I'm using the same HONDA I've used since 03, and will for the rest of my life, why because it will last that long lets see some vintage Polaris!!! Hahaha vintage get it !!


----------



## hghgrad (Nov 29, 2010)

sublime68charge;1839002 said:


> Looking Goog HGH,
> 
> I would add some weight to the rear rack of your ATV to help counter balance the blower out front.
> 
> I have a 03 Foreman with 450 with a Kimpex 44" blower and the blower is a lot to maneuver around. also if driving down the road with the blower up "riding all that weight on the dolly wheels" slow down for making any turns if your at speed and want to turn all you due is go straight.


I'll keep that in mind. There isn't much weight at all on the quad itself, it mostly rides on the casters. The drive is about 400' horseshoe shaped, and there's another 200' from the front of the house back to the shop if I need to get my car back there. The back yard is really what I built it for. Won't be doing that path unless needed, since all of my tools are back there. Probably just keep a path wide enough to walk.


----------



## sublime68charge (Dec 28, 2007)

hgh,
is your area pretty flat?

also how wide is your blower? and how wide it the atv?

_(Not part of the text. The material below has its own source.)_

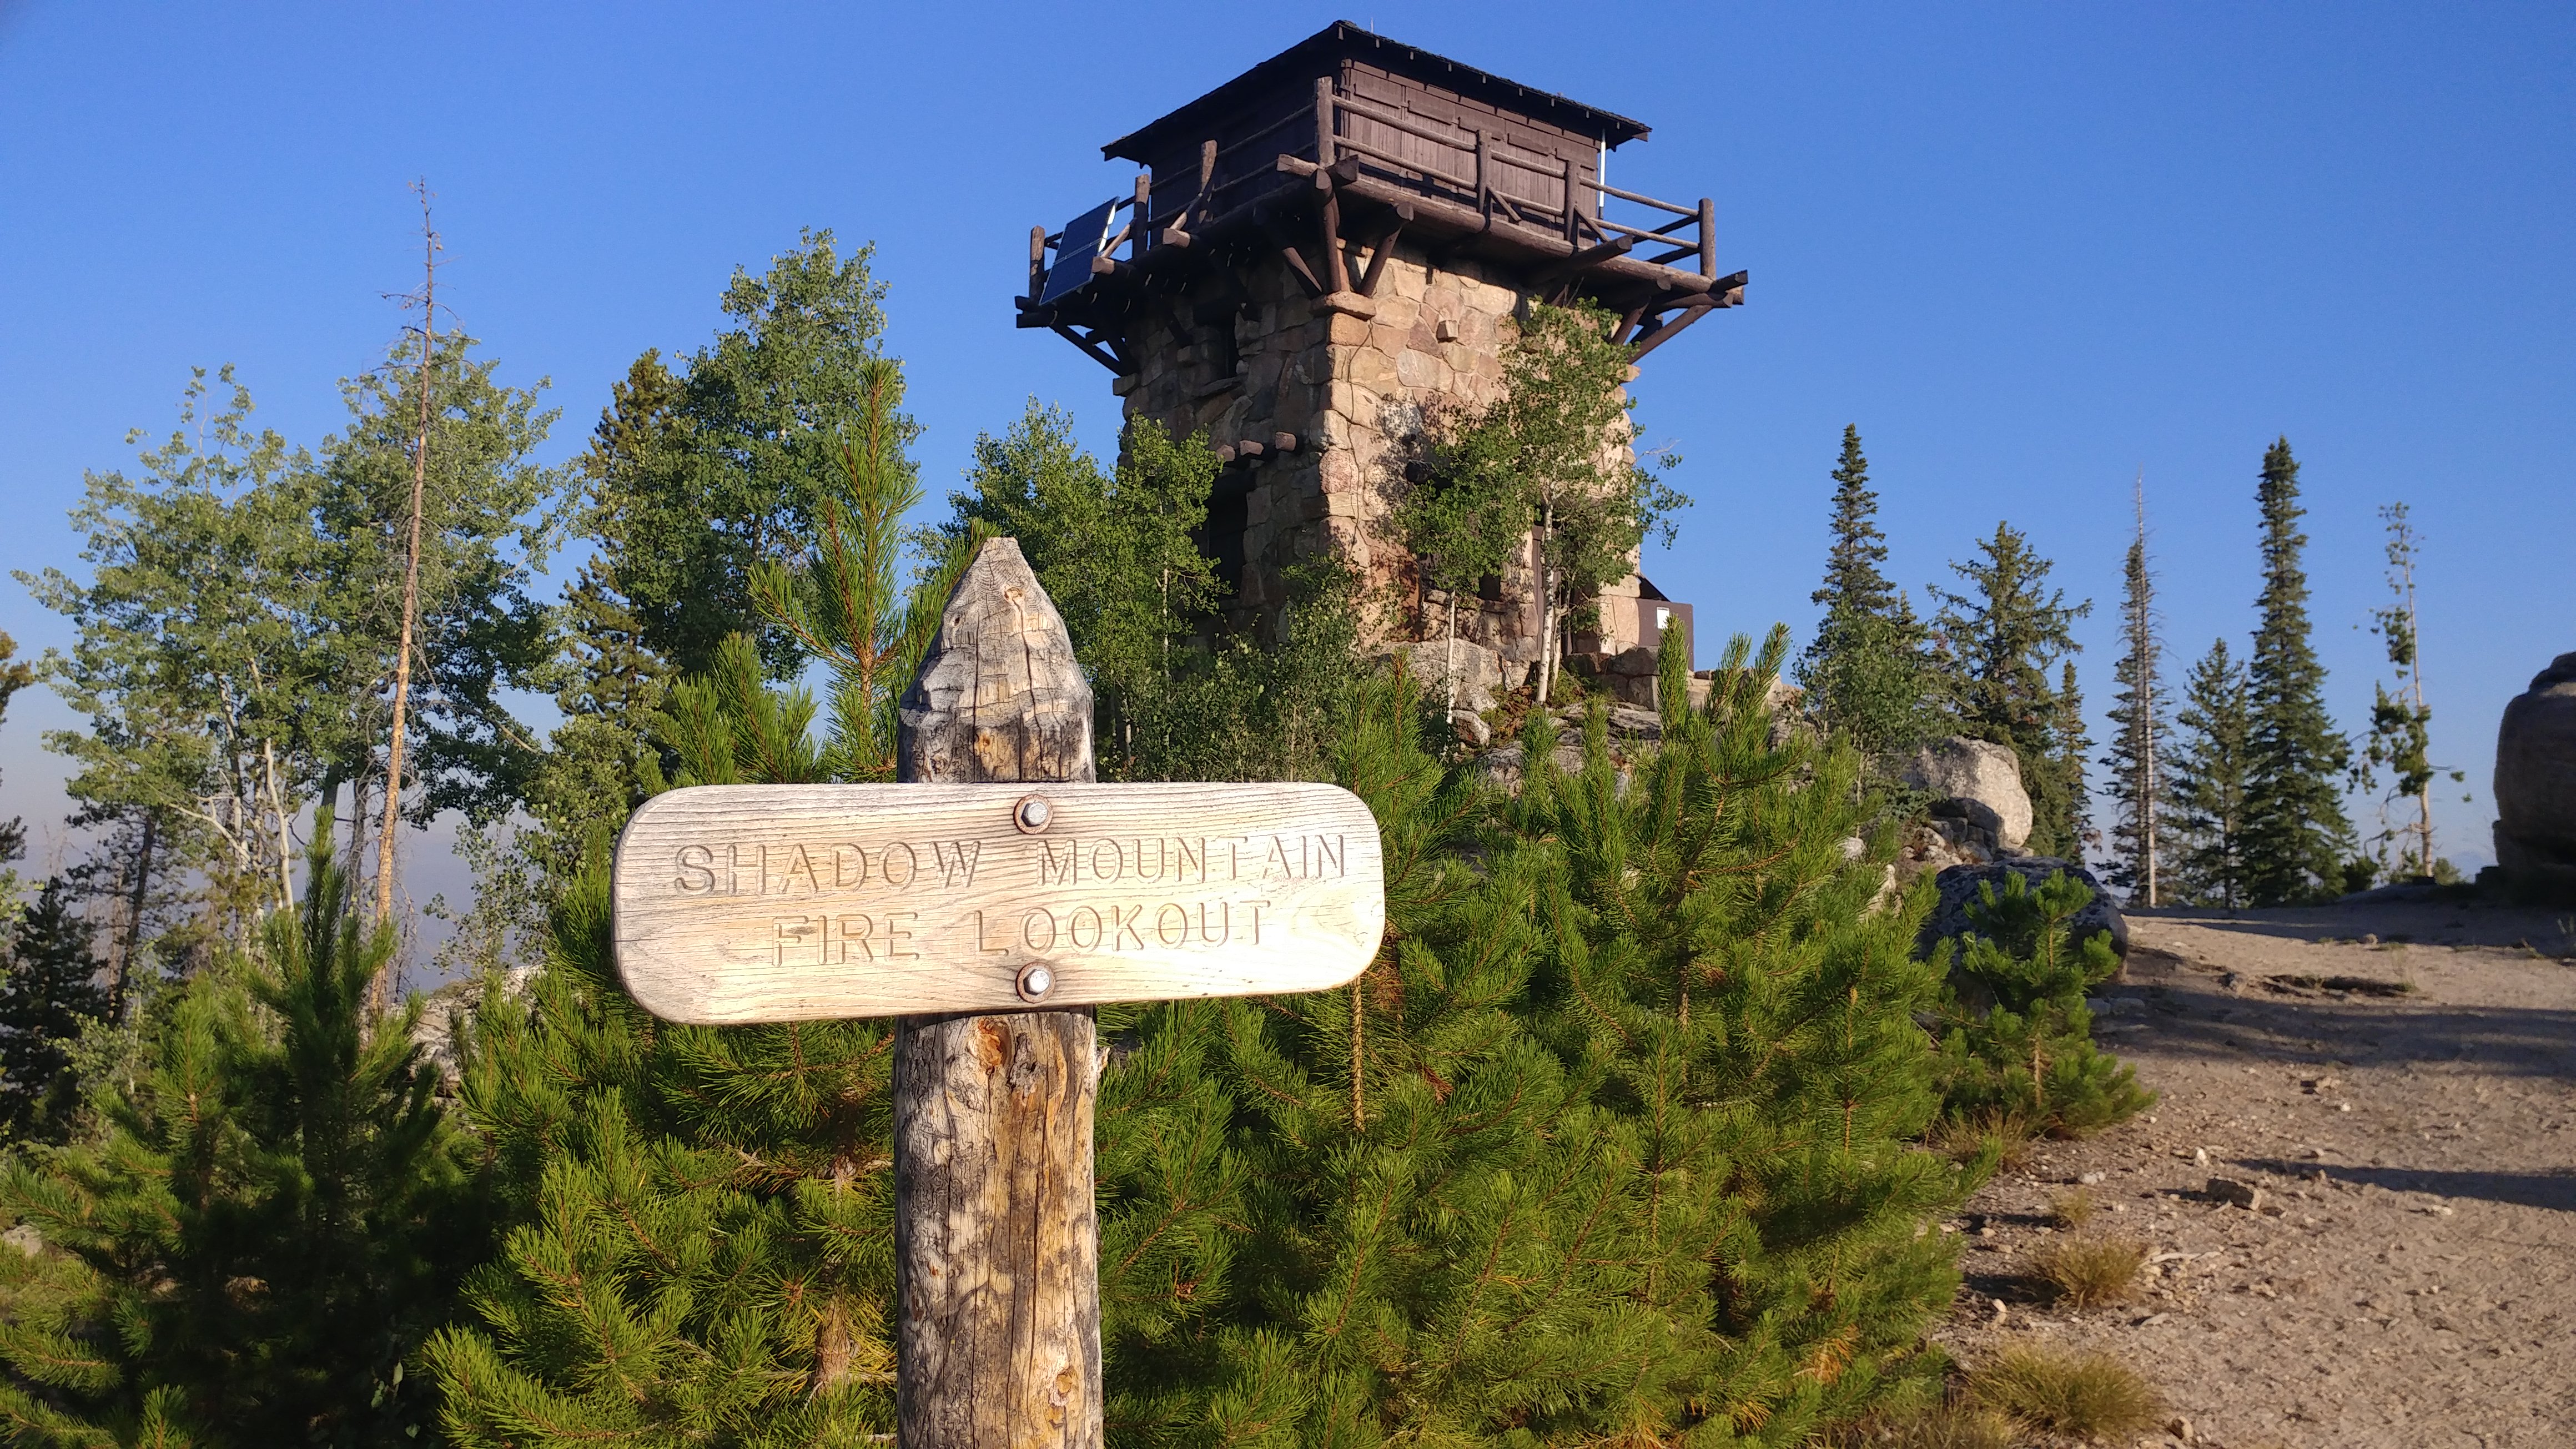 Photo of the sign posted for the Shadow Mountain Fire Lookout. The sign itself is handmade made of a log about five inches in diameter, which serves as the post for the sign and has been whittled into a point at the top. Bolted to the post is a flat wooden plaque in which the name "Shadow Mountain Fire Lookout" has been carved by machine in block letter.  Along the trail in the background stands the fire tower.

I know for my setup with my mud tires I'm 2" wider than the blower path.
stock tires and chains I fit just fine.
also for my area when I have used my blower I go in 50' sections that way if I kill the blower and need to restart it I can back up into a cleared area to get off and pull start the snow blower again doing that in knee deep snow is not fun and if your way way down a single lane path and have to back up a long ways and get off track your stuck.

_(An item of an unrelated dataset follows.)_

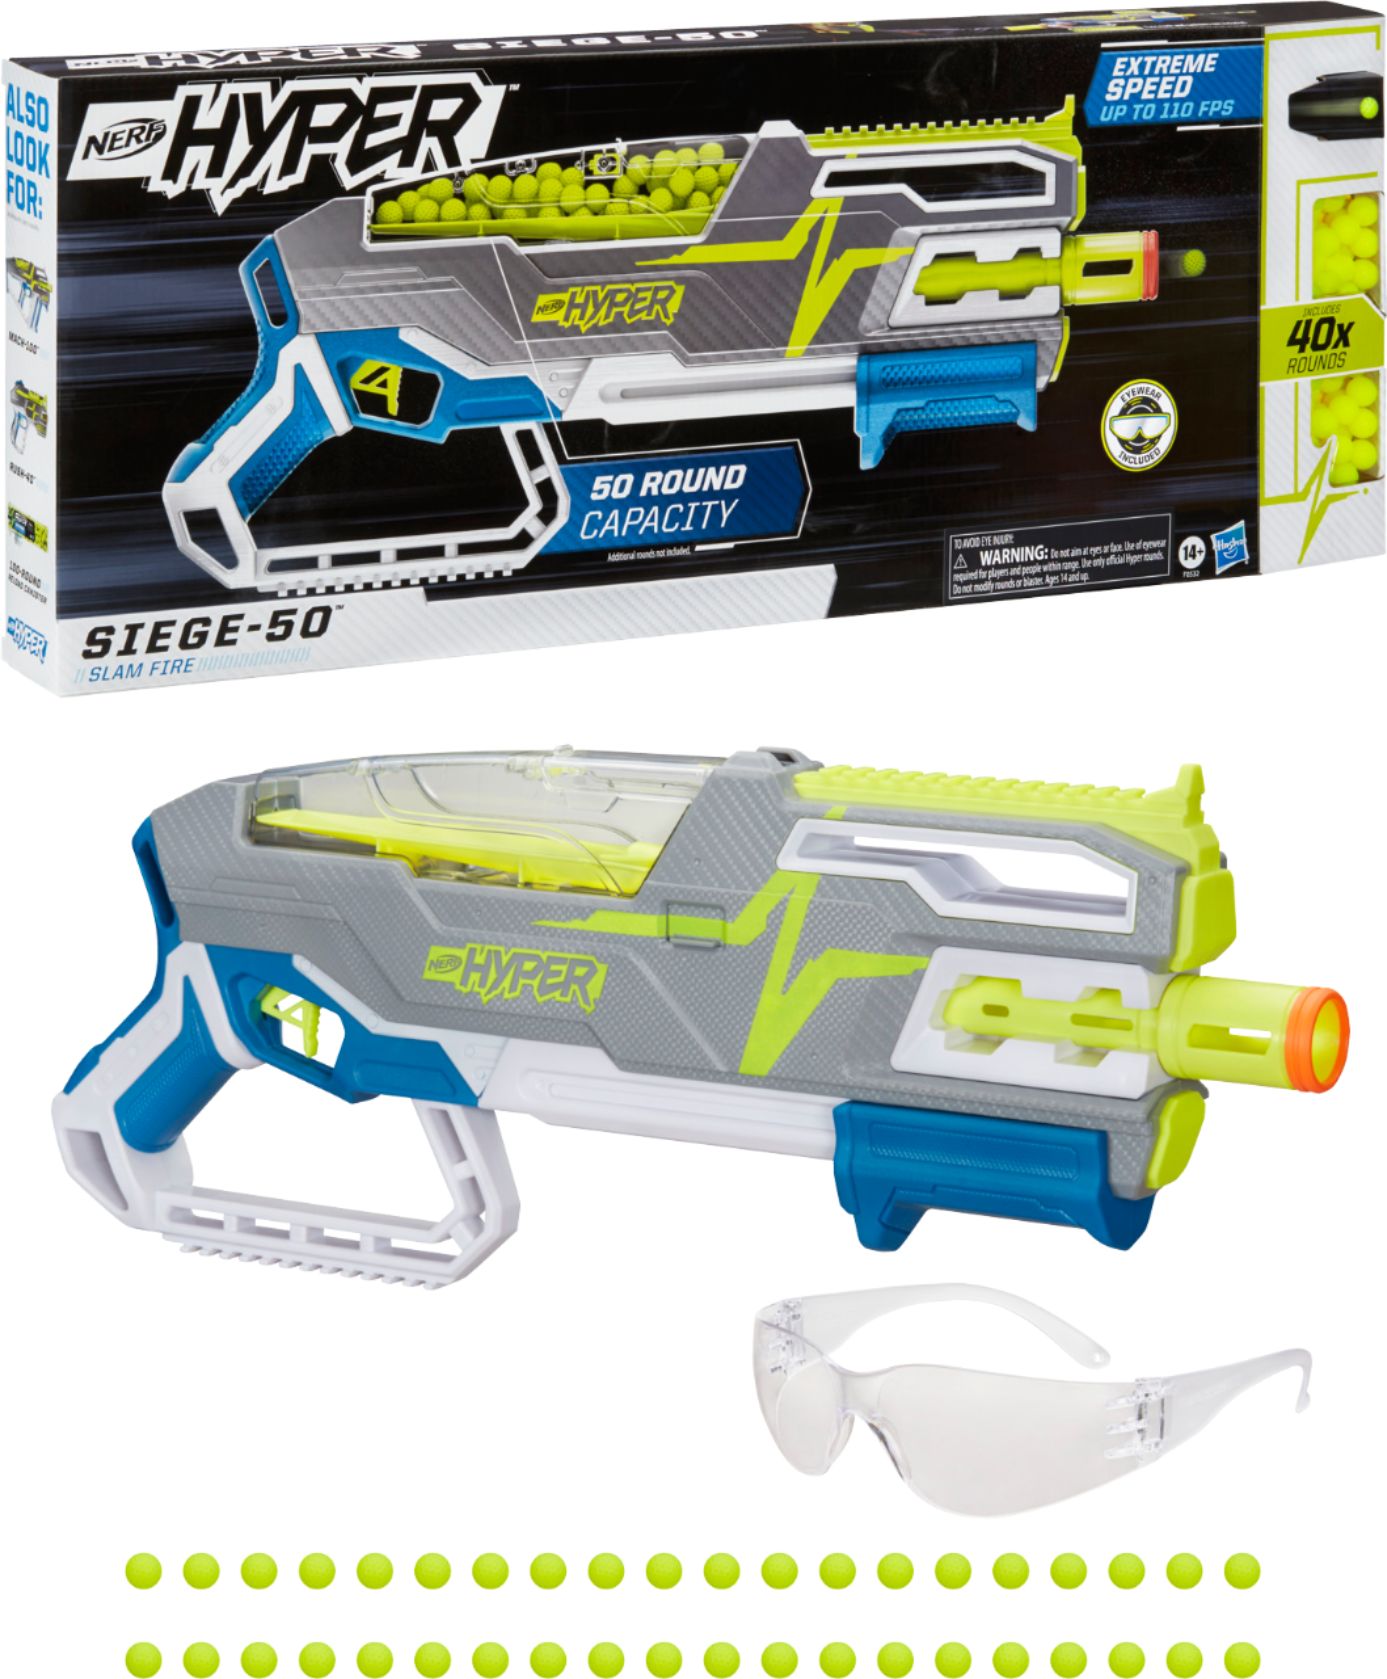 Nerf Hyper Siege-50 Pump-Action Blaster and 40 Nerf Hyper Rounds, 110 FPS Velocity

for your track to the back shed I'd go 2 widths wide in 50' sections that way you have room to wiggle back out if/when you get in trouble.

just my thoughts and what I have learned. 

also Grass or Gravel to back shed?

good luck.

sublime out.


----------



## hghgrad (Nov 29, 2010)

Dead flat around here. No hills or any slight inclines if any sorts 

The path back to the barns is all grass, and the driveway is gravel.


----------



## mikeyd915 (Sep 22, 2014)

IPLOWSNO;1839033 said:


> I'm using the same HONDA I've used since 03, and will for the rest of my life, why because it will last that long lets see some vintage Polaris!!! Hahaha vintage get it !!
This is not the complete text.